• _Exercise description_:
Your reply should reproduce all the data below exactly while excluding the pictures.

• _Dataset section_:
⟨

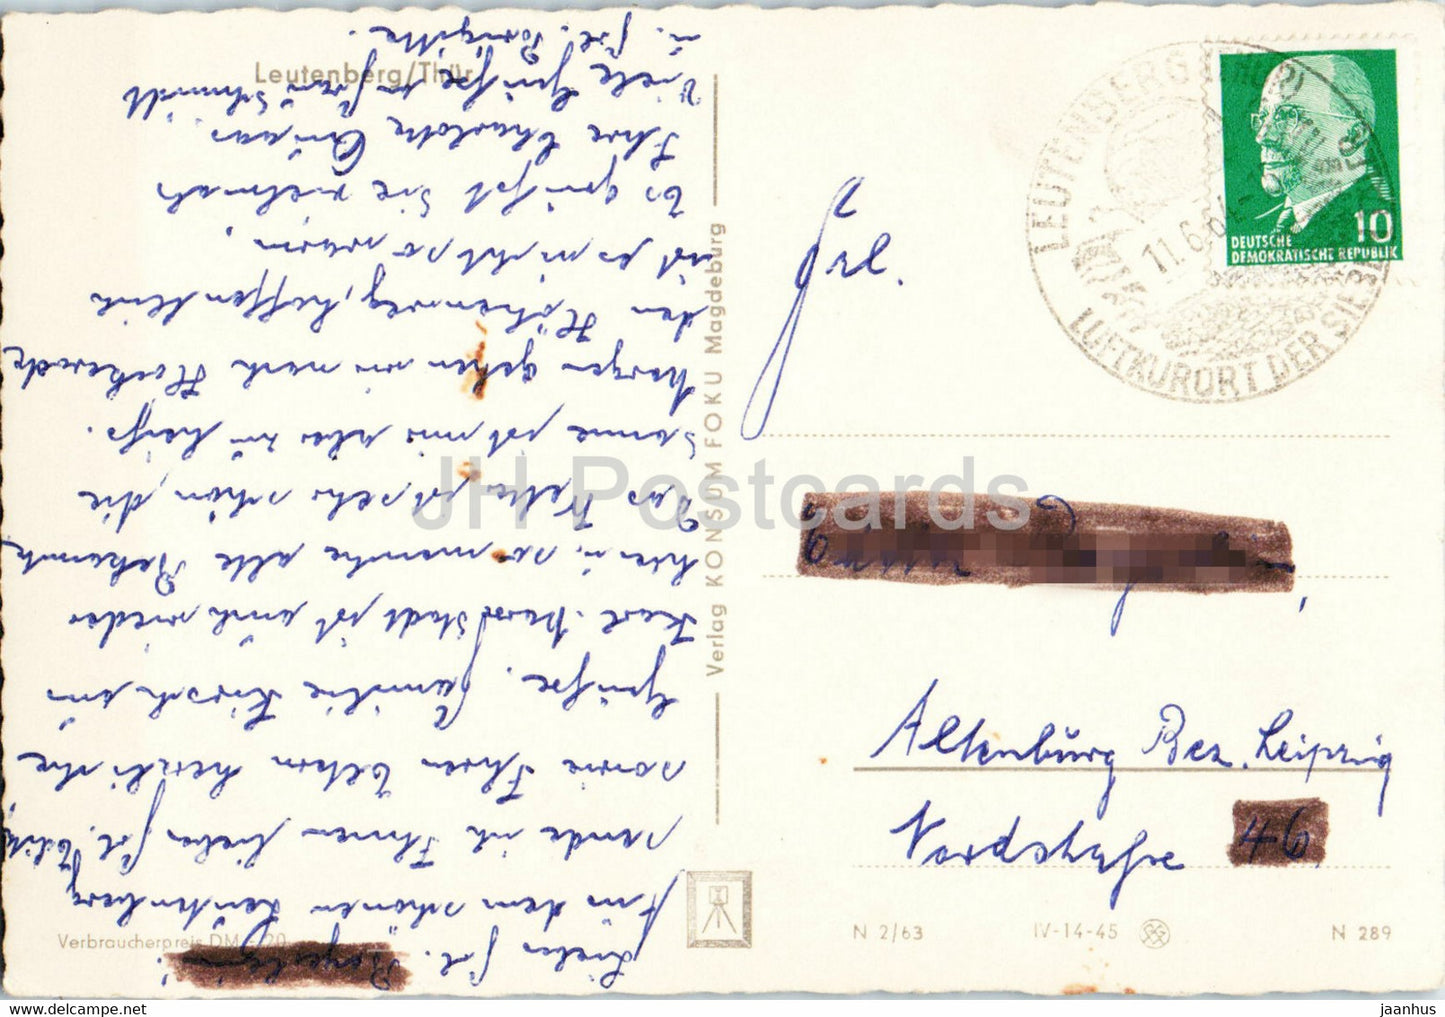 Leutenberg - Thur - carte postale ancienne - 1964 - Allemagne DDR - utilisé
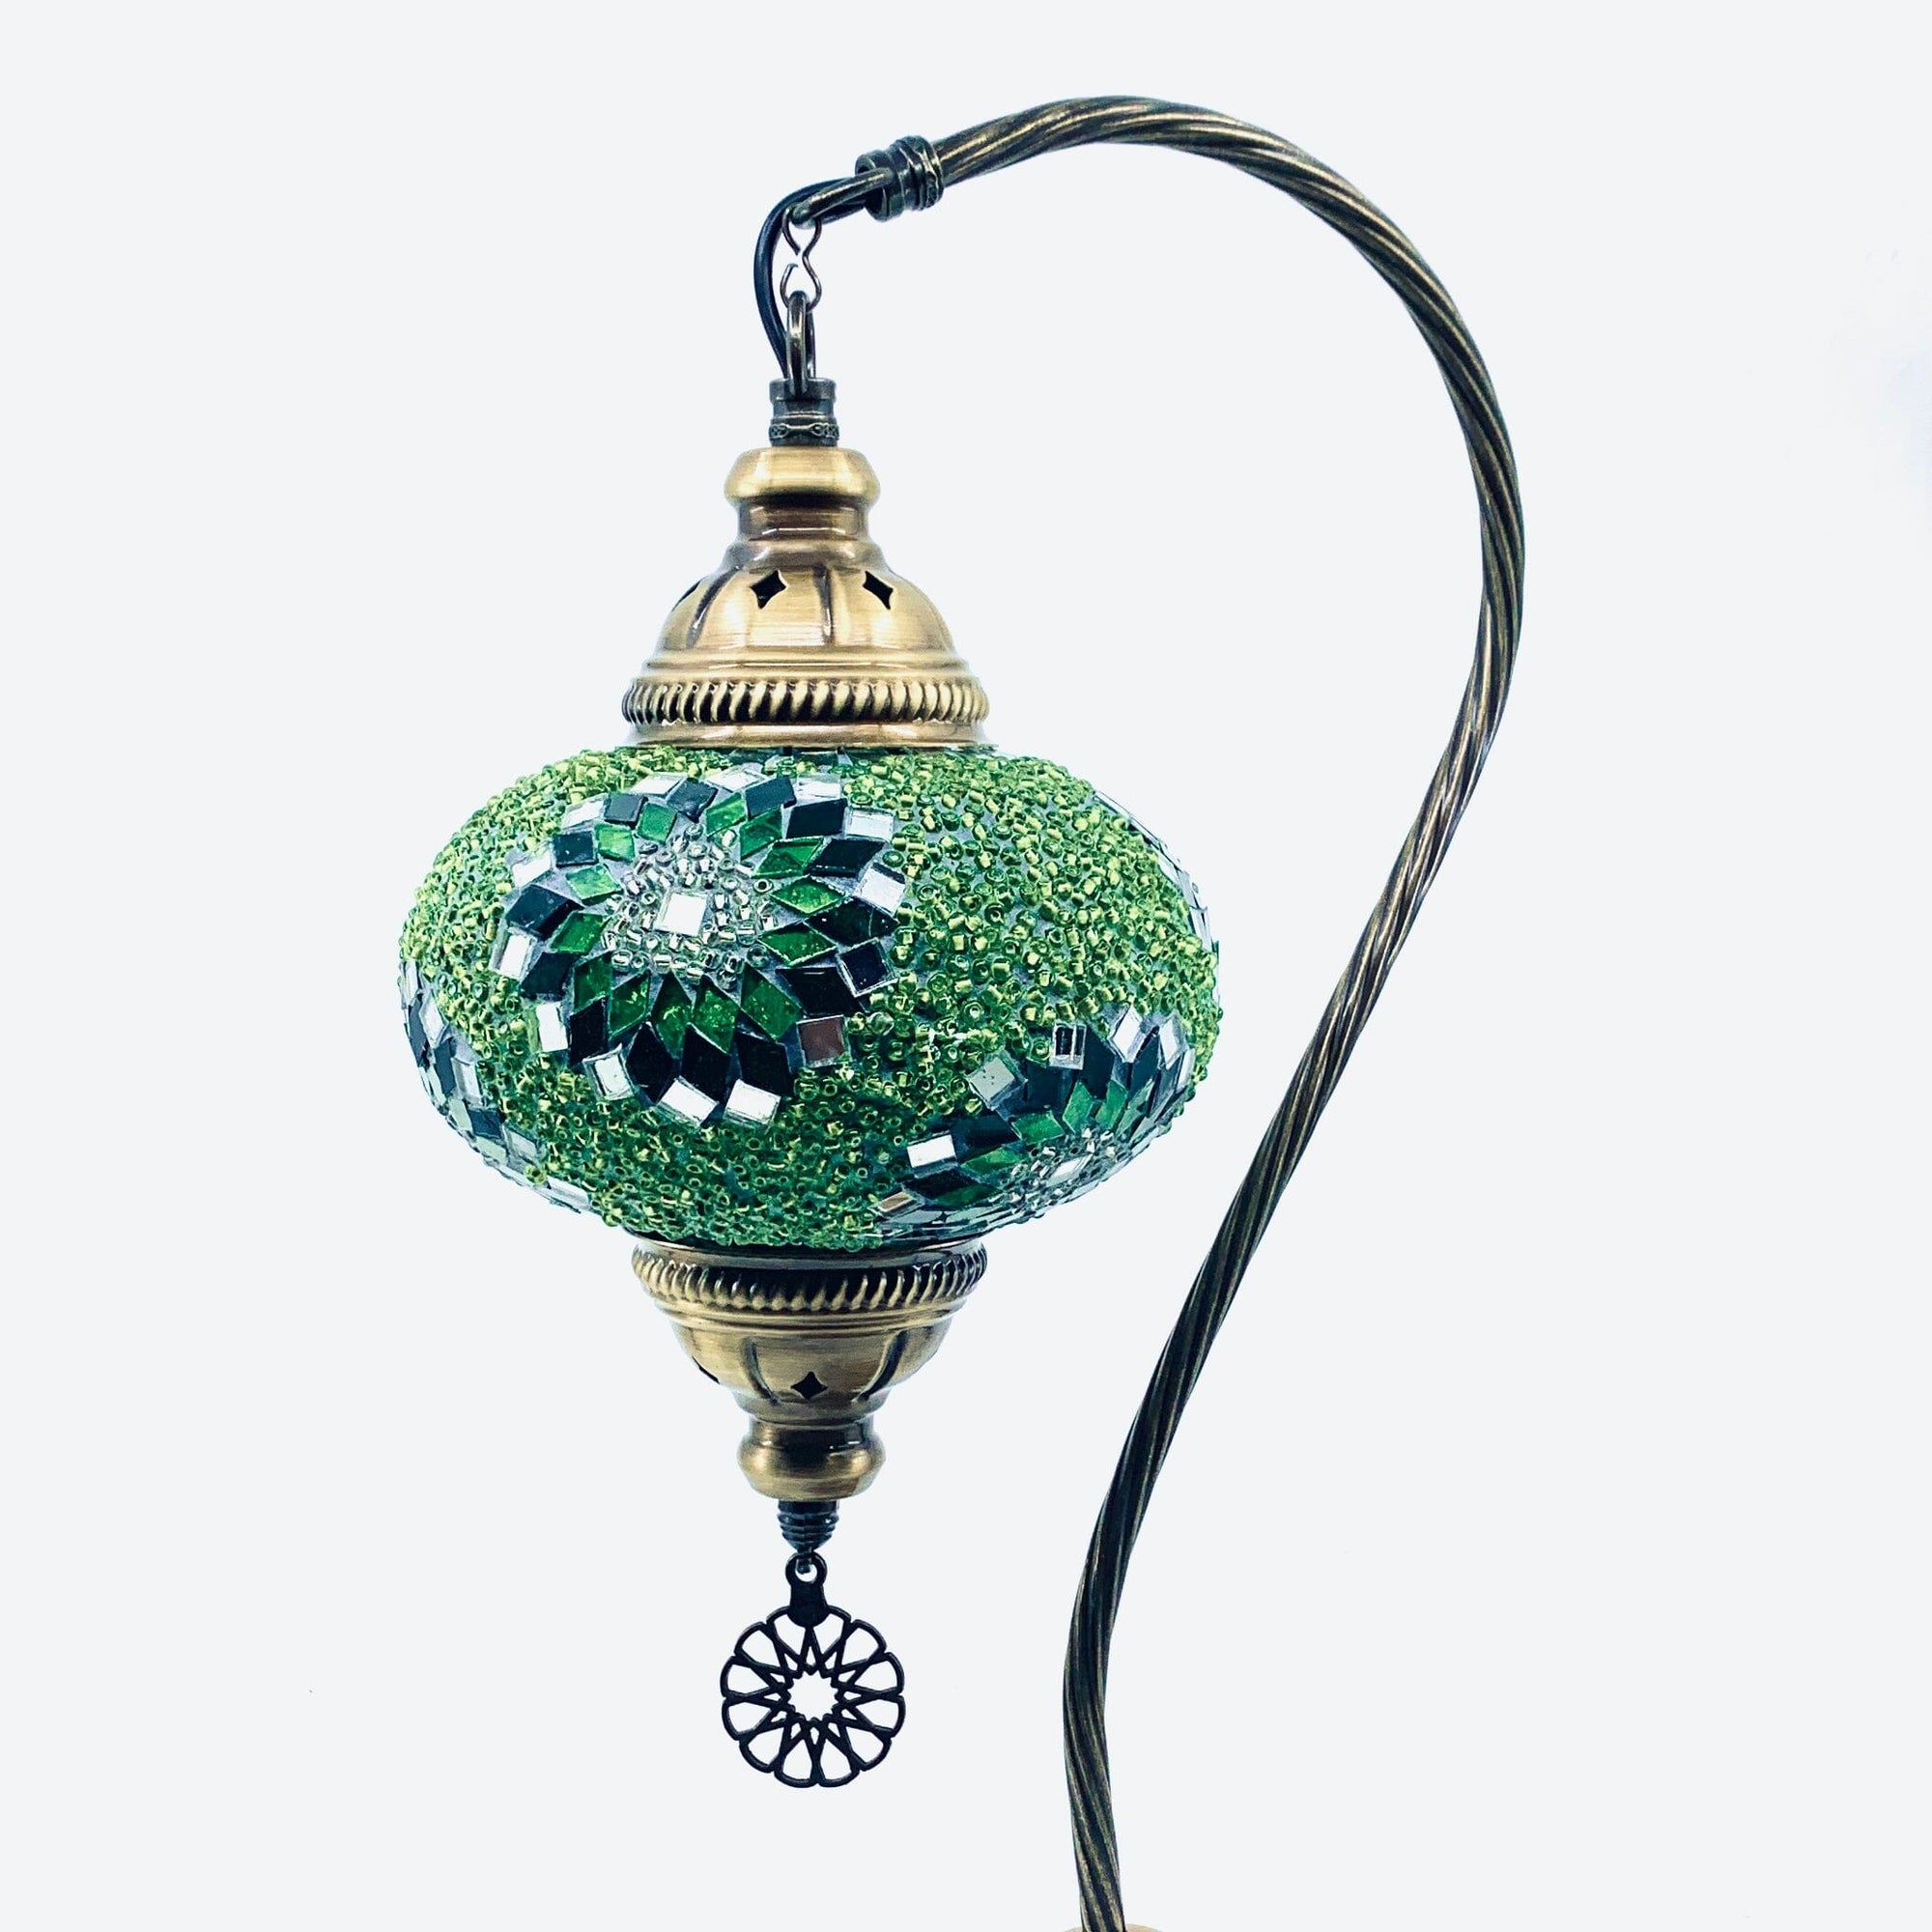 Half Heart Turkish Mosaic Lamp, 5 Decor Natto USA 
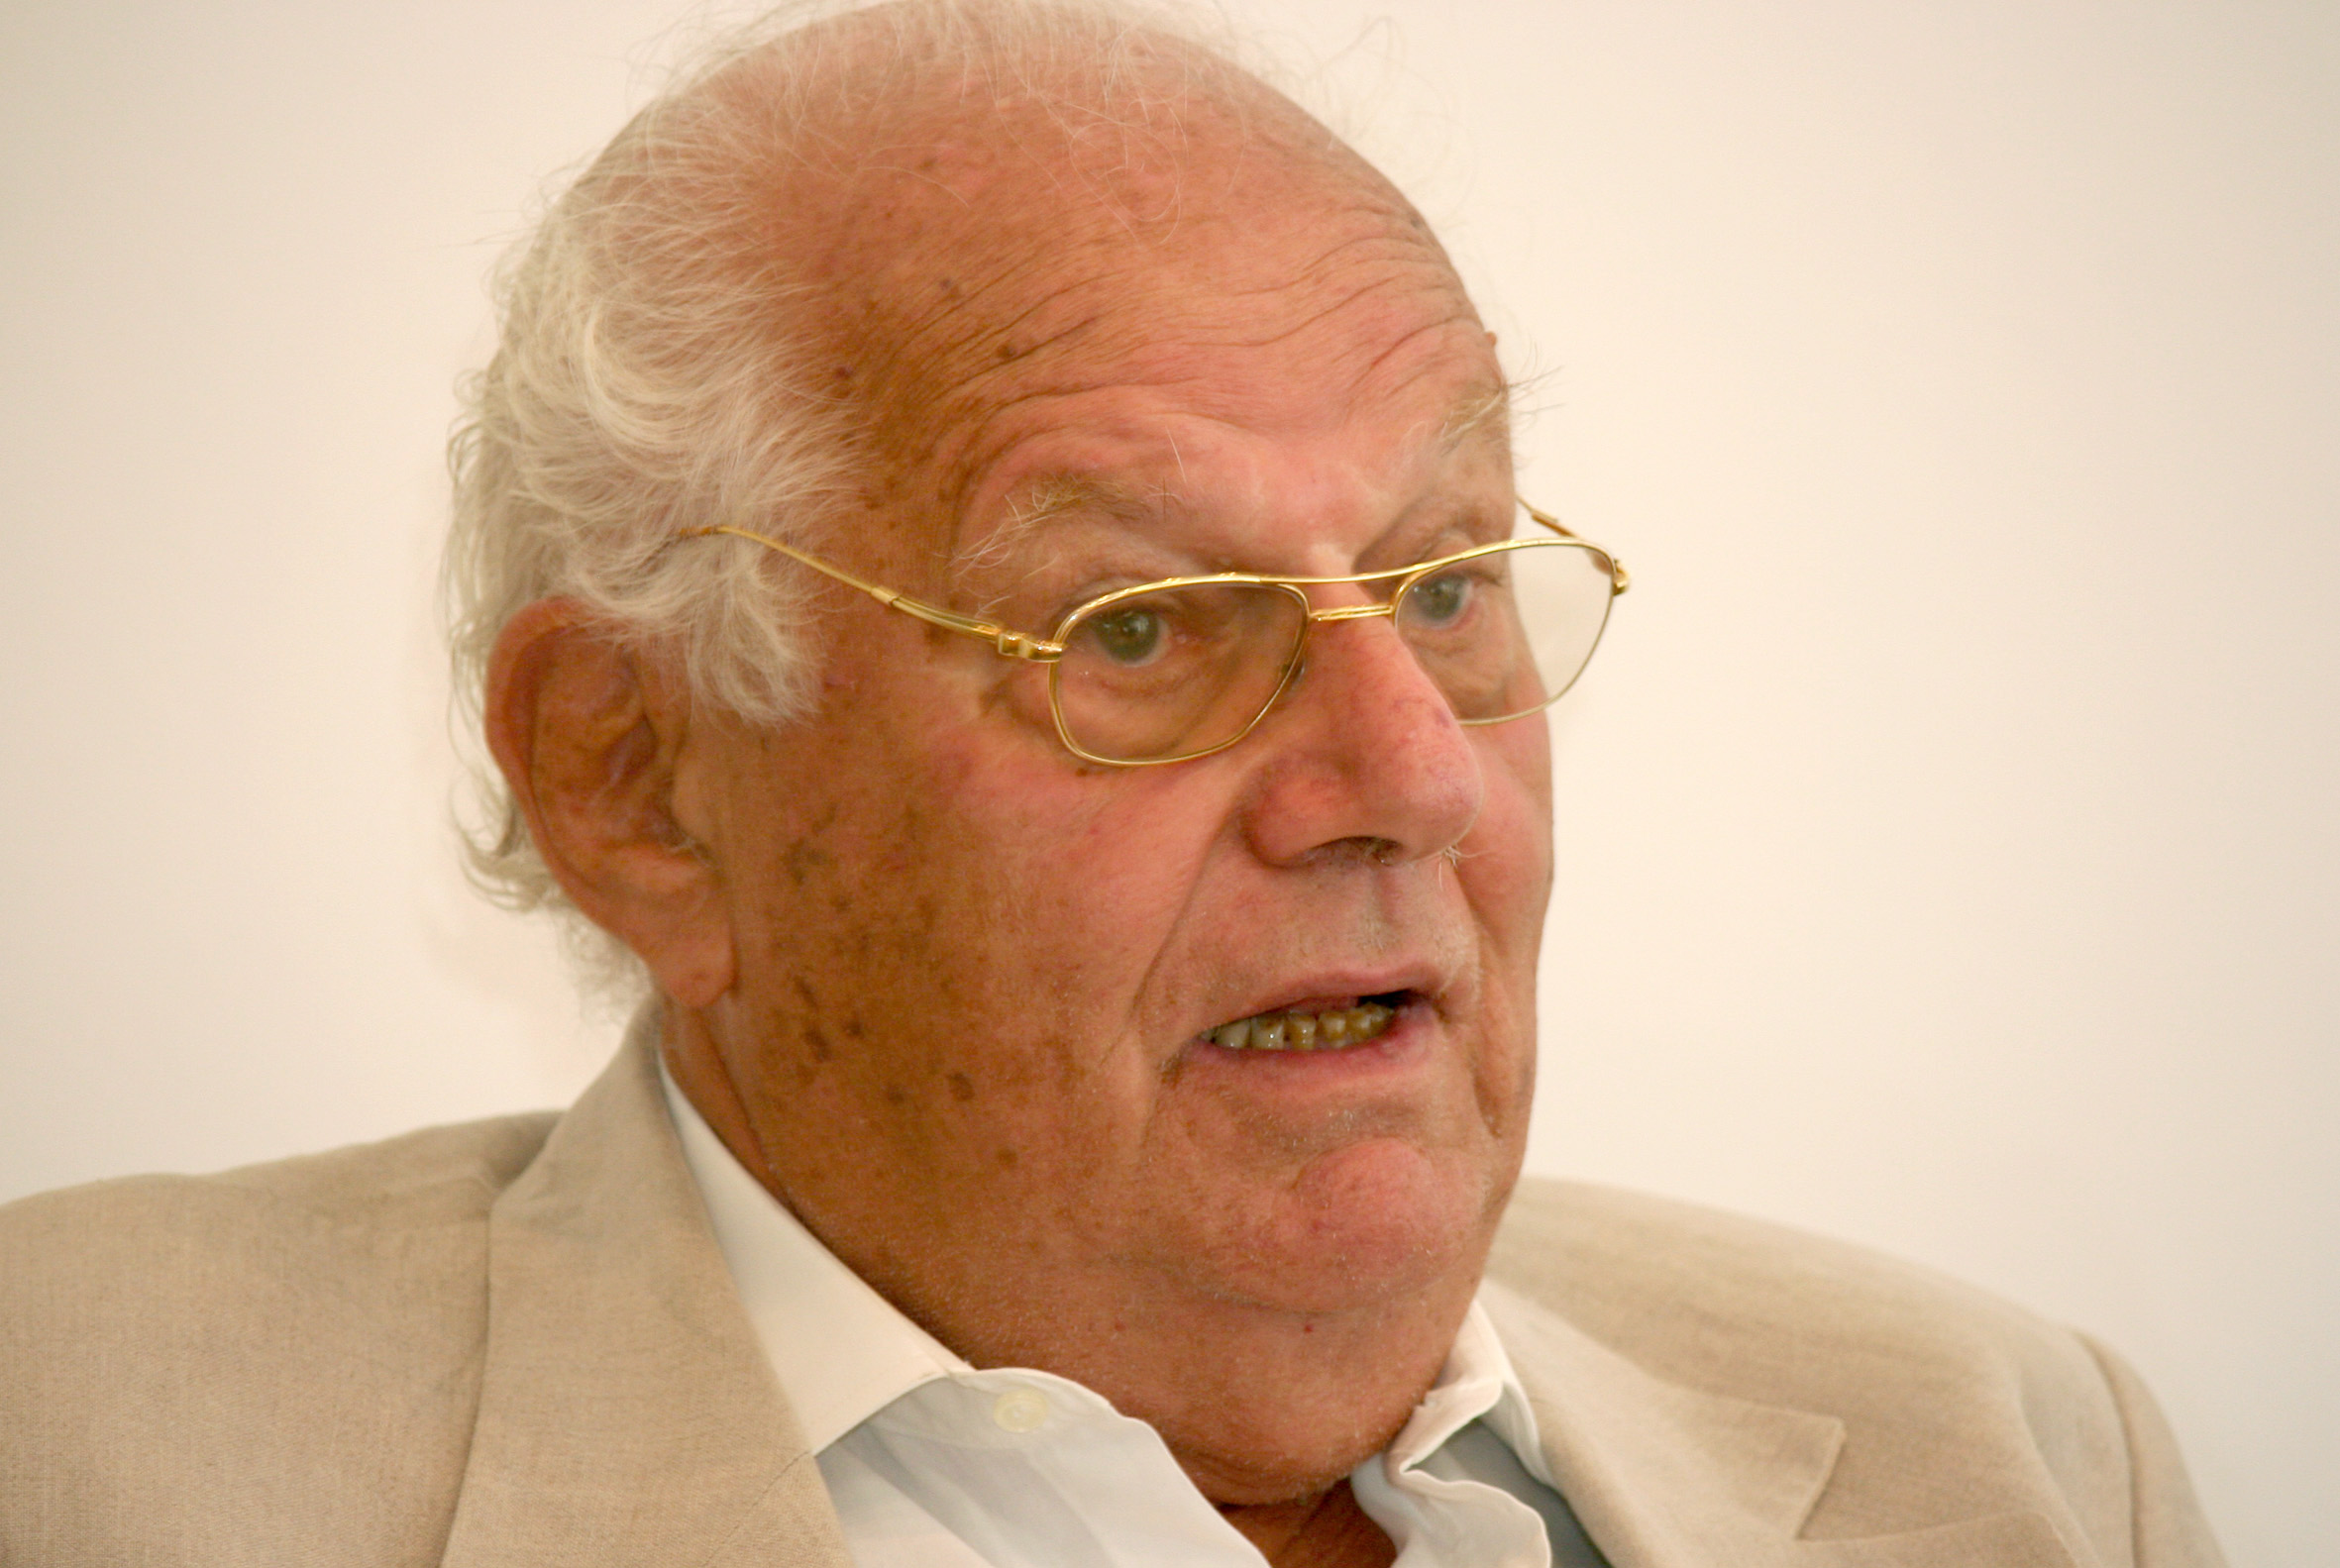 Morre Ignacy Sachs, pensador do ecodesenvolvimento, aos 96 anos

⟩

• _Answer area_:
 Leutenberg - Thur - carte postale ancienne - 1964 - Allemagne DDR - utilisé
 Half Heart Turkish Mosaic Lamp, 5 Decor Natto USA 
 Morre Ignacy Sachs, pensador do ecodesenvolvimento, aos 96 anos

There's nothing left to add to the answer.